> [Task brief]: Please copy the last part of the entries exactly: the line that has "Deutsche Monatsschrift für" and every line up to and including the end, nothing more.

(Dataset items)
►

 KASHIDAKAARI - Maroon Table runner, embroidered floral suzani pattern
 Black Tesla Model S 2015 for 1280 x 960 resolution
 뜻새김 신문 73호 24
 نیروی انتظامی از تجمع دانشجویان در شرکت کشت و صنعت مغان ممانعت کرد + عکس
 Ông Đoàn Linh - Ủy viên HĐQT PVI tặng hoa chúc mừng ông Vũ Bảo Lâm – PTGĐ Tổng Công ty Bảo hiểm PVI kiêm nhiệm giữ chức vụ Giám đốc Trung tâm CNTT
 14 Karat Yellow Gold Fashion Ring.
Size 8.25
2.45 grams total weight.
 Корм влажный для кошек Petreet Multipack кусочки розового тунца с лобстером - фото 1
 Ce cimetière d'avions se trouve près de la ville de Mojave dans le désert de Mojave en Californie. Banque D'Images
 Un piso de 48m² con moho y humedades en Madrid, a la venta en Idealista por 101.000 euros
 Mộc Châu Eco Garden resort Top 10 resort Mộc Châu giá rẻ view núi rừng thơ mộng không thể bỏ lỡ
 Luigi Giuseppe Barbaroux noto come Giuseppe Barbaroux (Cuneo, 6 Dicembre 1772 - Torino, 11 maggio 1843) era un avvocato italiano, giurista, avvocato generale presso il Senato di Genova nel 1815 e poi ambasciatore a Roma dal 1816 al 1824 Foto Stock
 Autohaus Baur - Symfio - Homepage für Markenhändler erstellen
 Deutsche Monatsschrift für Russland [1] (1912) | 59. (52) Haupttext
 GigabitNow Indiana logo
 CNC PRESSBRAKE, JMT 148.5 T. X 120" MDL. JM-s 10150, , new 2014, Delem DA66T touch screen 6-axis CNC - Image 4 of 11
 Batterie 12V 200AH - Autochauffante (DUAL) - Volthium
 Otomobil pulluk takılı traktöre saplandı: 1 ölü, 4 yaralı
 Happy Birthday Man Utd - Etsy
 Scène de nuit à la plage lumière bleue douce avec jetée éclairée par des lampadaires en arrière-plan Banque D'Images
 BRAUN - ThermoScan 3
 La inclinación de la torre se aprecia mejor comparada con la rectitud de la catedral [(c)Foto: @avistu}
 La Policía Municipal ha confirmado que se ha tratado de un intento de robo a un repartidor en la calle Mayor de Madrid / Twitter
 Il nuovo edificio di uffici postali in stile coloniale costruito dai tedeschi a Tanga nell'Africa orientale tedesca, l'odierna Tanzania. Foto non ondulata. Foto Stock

◄

> [Answer for the task]:
 Deutsche Monatsschrift für Russland [1] (1912) | 59. (52) Haupttext
 GigabitNow Indiana logo
 CNC PRESSBRAKE, JMT 148.5 T. X 120" MDL. JM-s 10150, , new 2014, Delem DA66T touch screen 6-axis CNC - Image 4 of 11
 Batterie 12V 200AH - Autochauffante (DUAL) - Volthium
 Otomobil pulluk takılı traktöre saplandı: 1 ölü, 4 yaralı
 Happy Birthday Man Utd - Etsy
 Scène de nuit à la plage lumière bleue douce avec jetée éclairée par des lampadaires en arrière-plan Banque D'Images
 BRAUN - ThermoScan 3
 La inclinación de la torre se aprecia mejor comparada con la rectitud de la catedral [(c)Foto: @avistu}
 La Policía Municipal ha confirmado que se ha tratado de un intento de robo a un repartidor en la calle Mayor de Madrid / Twitter
 Il nuovo edificio di uffici postali in stile coloniale costruito dai tedeschi a Tanga nell'Africa orientale tedesca, l'odierna Tanzania. Foto non ondulata. Foto Stock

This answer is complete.